=== Data ===

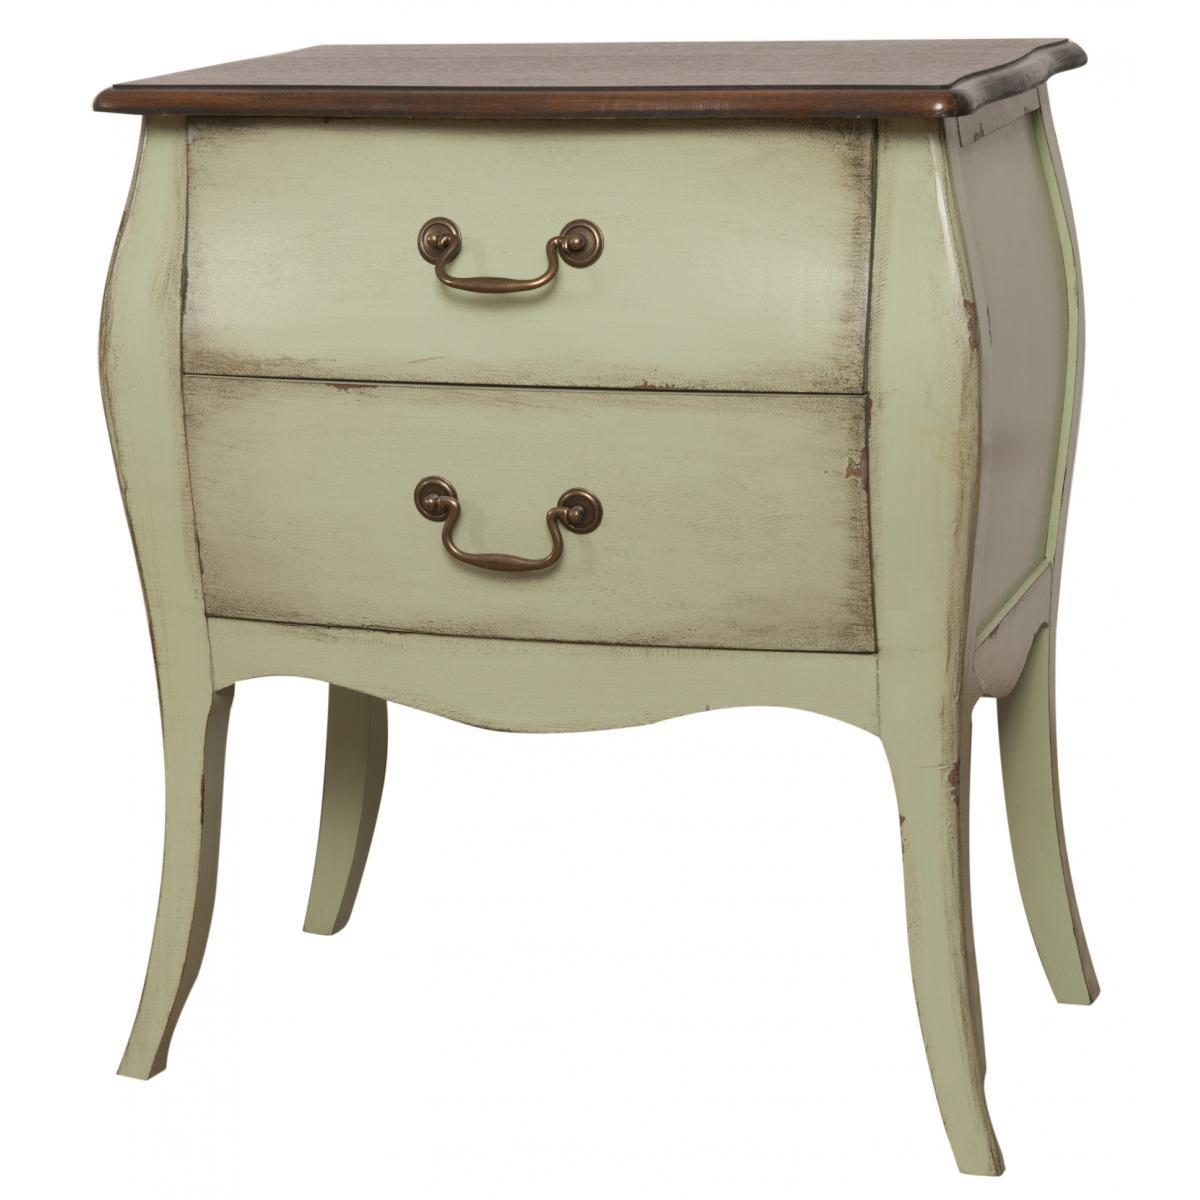 Cabinet din lemn de plop, furnir si MDF, cu 2 sertare Mellow Low Olive / Brown, l62xA38xH72 cm imagine
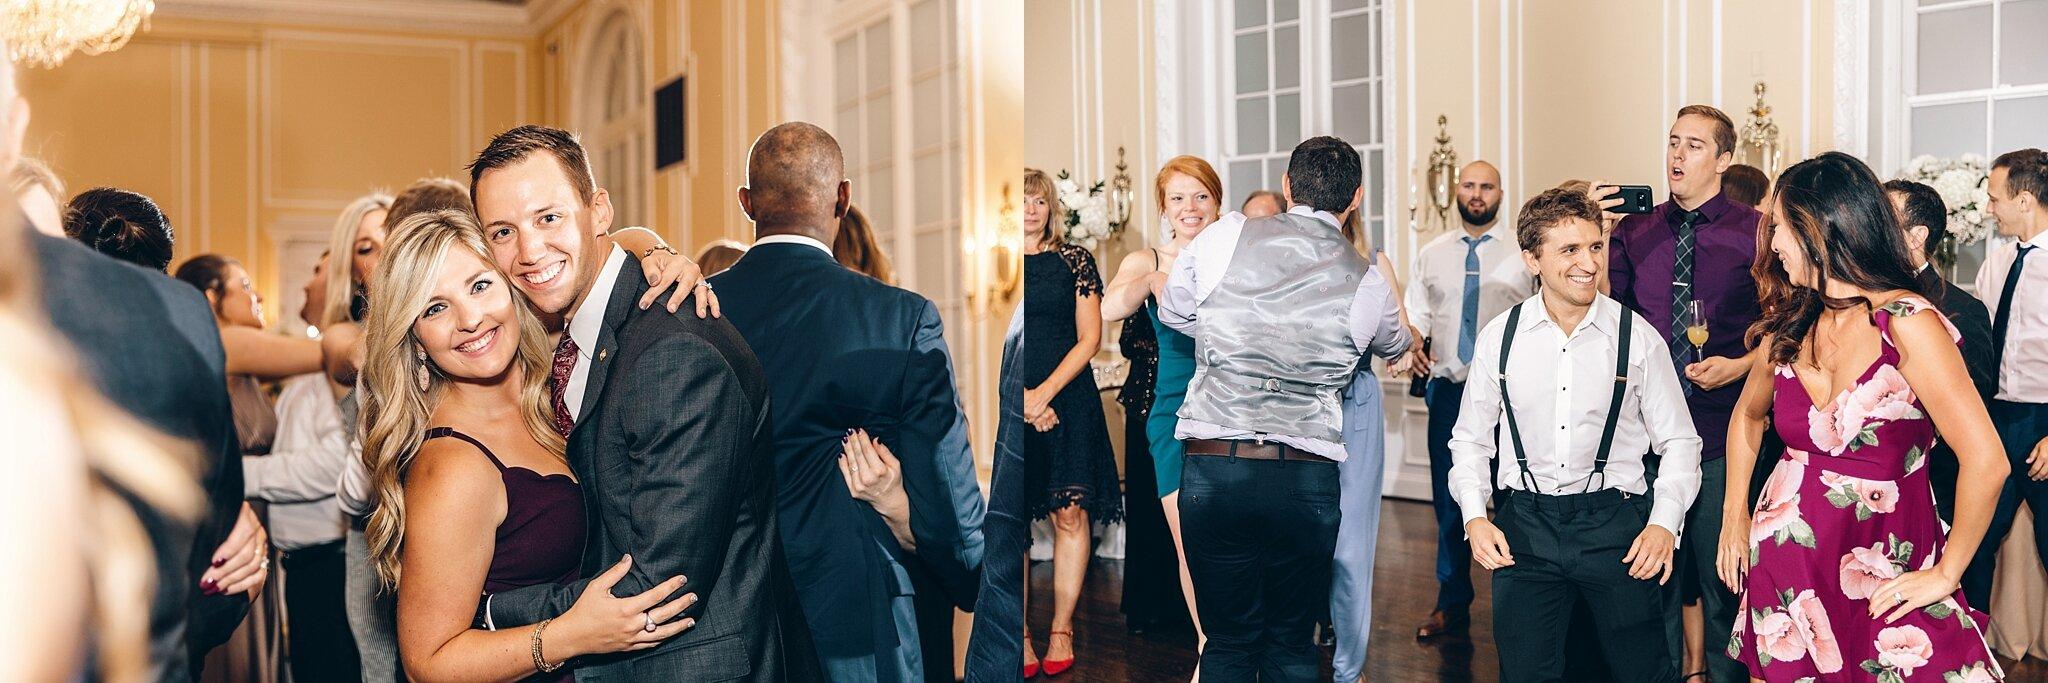 patrick-henry-ballroom-wedding-roanoke_0560.jpg
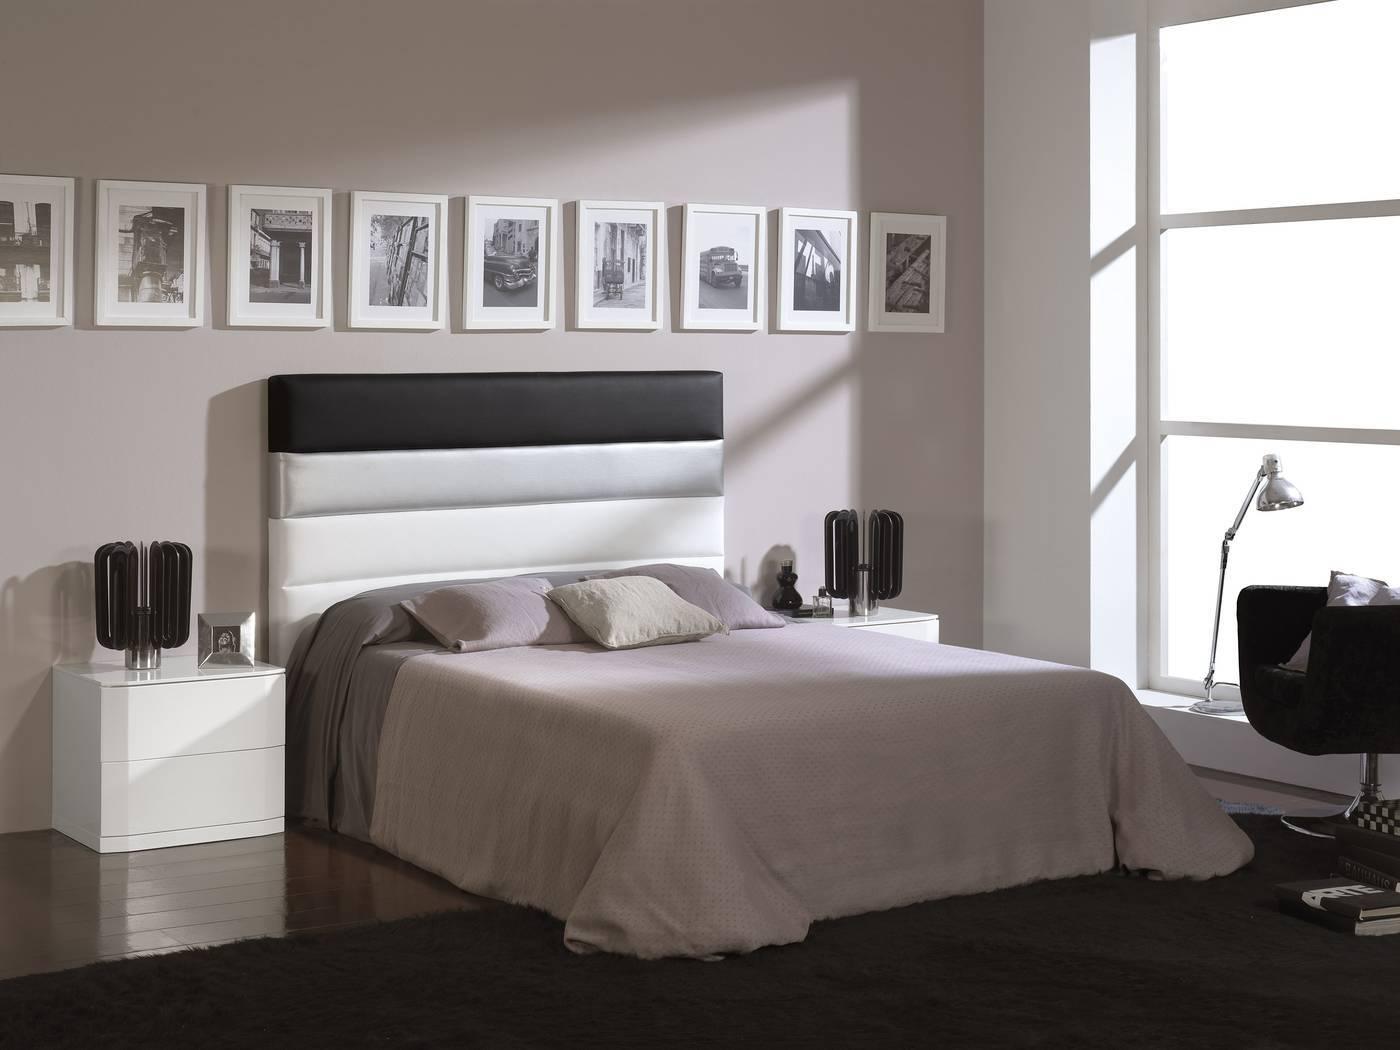 Cabeceros de cama tapizados lamparas sevilla - Cabecero de cama ...

===

What is needed
Could you repeat each line above exactly as written? Omit the pictures.

Written reply
 Cabinet din lemn de plop, furnir si MDF, cu 2 sertare Mellow Low Olive / Brown, l62xA38xH72 cm imagine
 patrick-henry-ballroom-wedding-roanoke_0560.jpg
 Cabeceros de cama tapizados lamparas sevilla - Cabecero de cama ...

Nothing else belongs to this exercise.